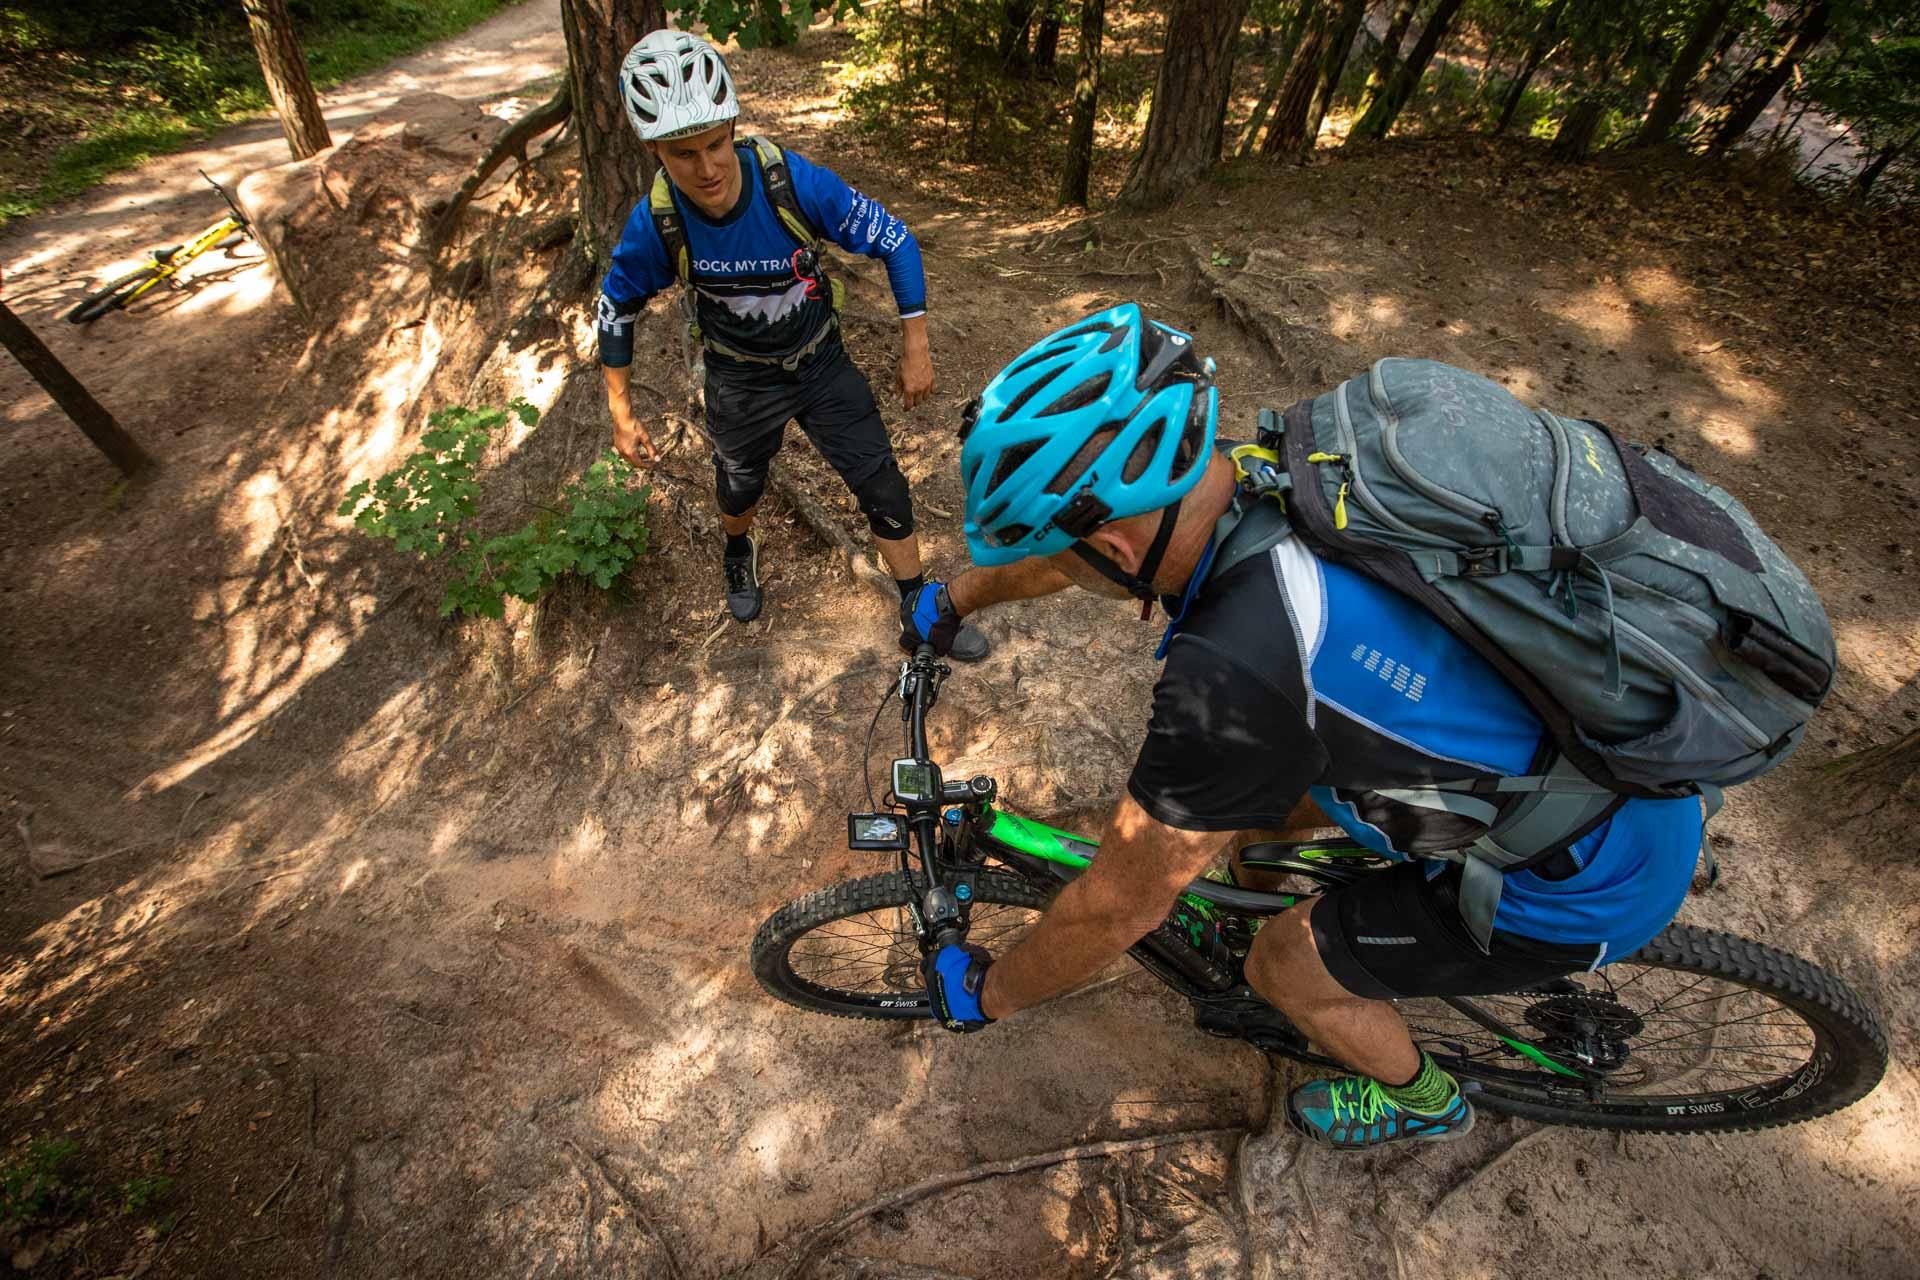 eMTB Fortgeschritten Fahrtechnik Kurs in Bad Orb Spessart - Rock my Trail Bikeschule - 6
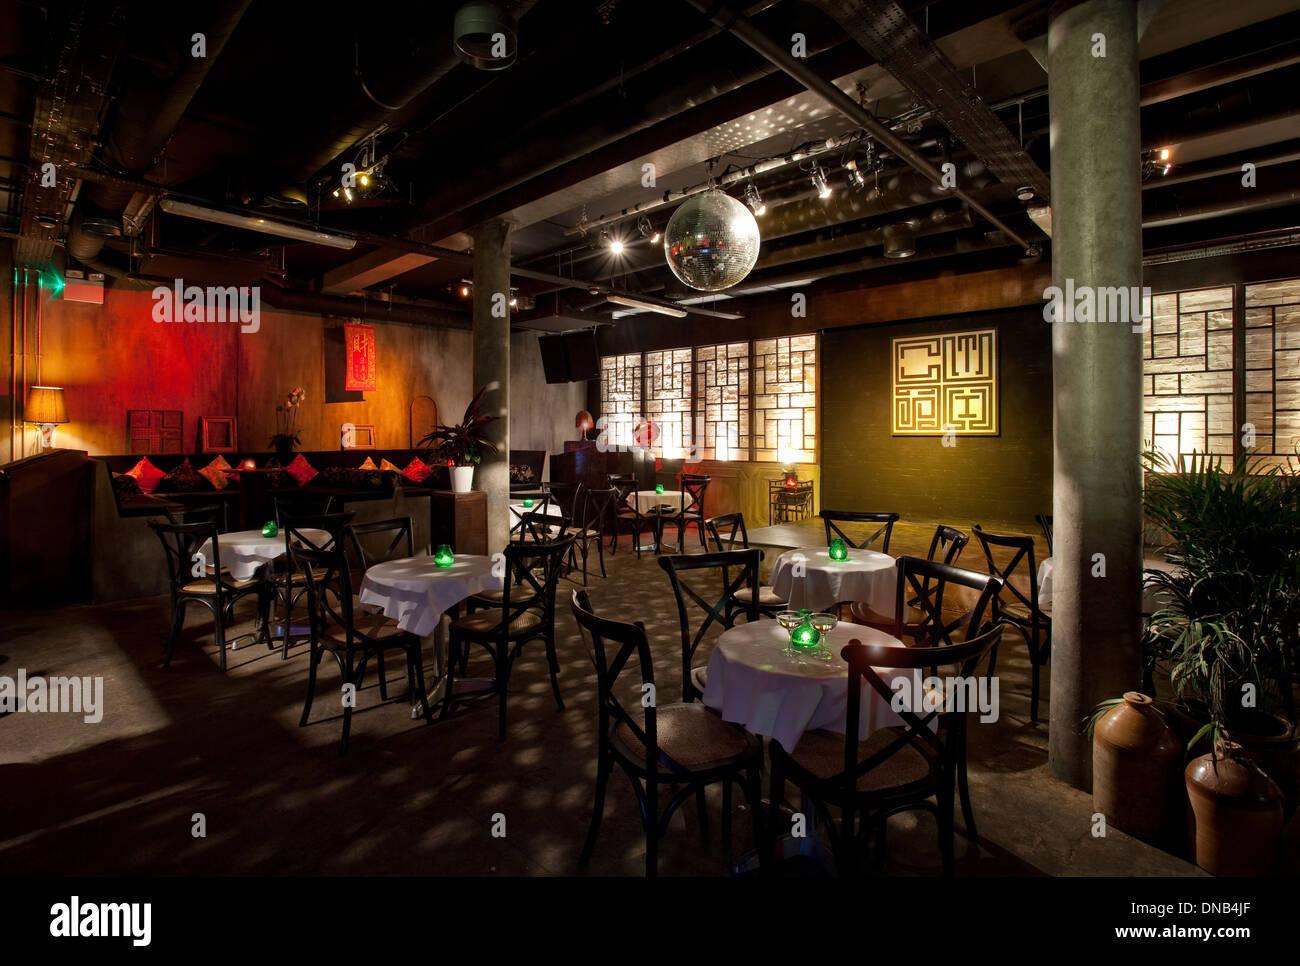 Nightclub Stock Photos & Nightclub Stock Images - Alamy
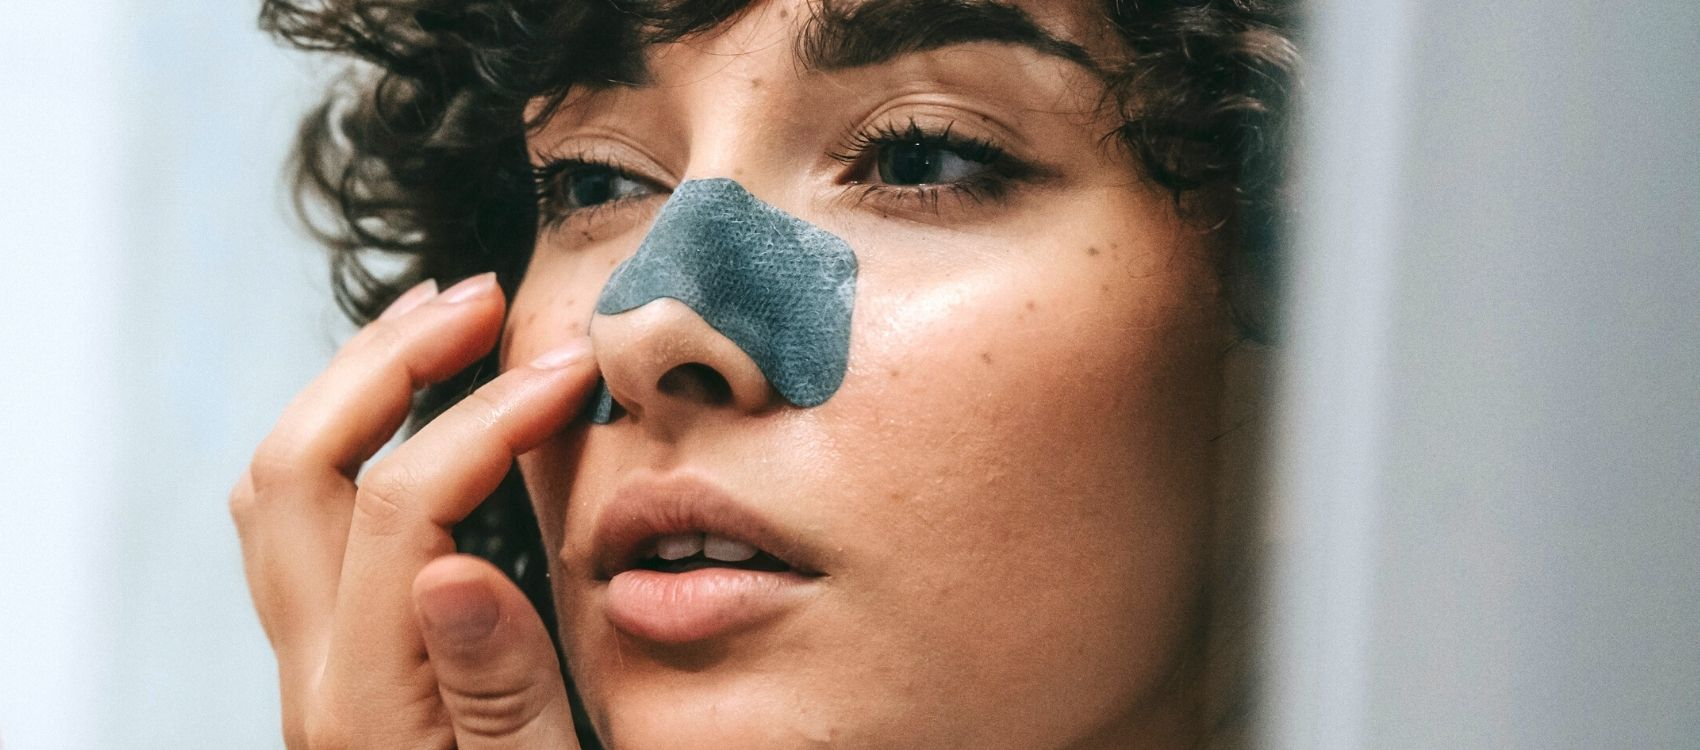 pores and blackheads

How to complete this task: Go through the material above and retype every line exactly, without the images.

Task response:
 eMTB Fortgeschritten Fahrtechnik Kurs in Bad Orb Spessart - Rock my Trail Bikeschule - 6
 Nightclub Stock Photos & Nightclub Stock Images - Alamy
 pores and blackheads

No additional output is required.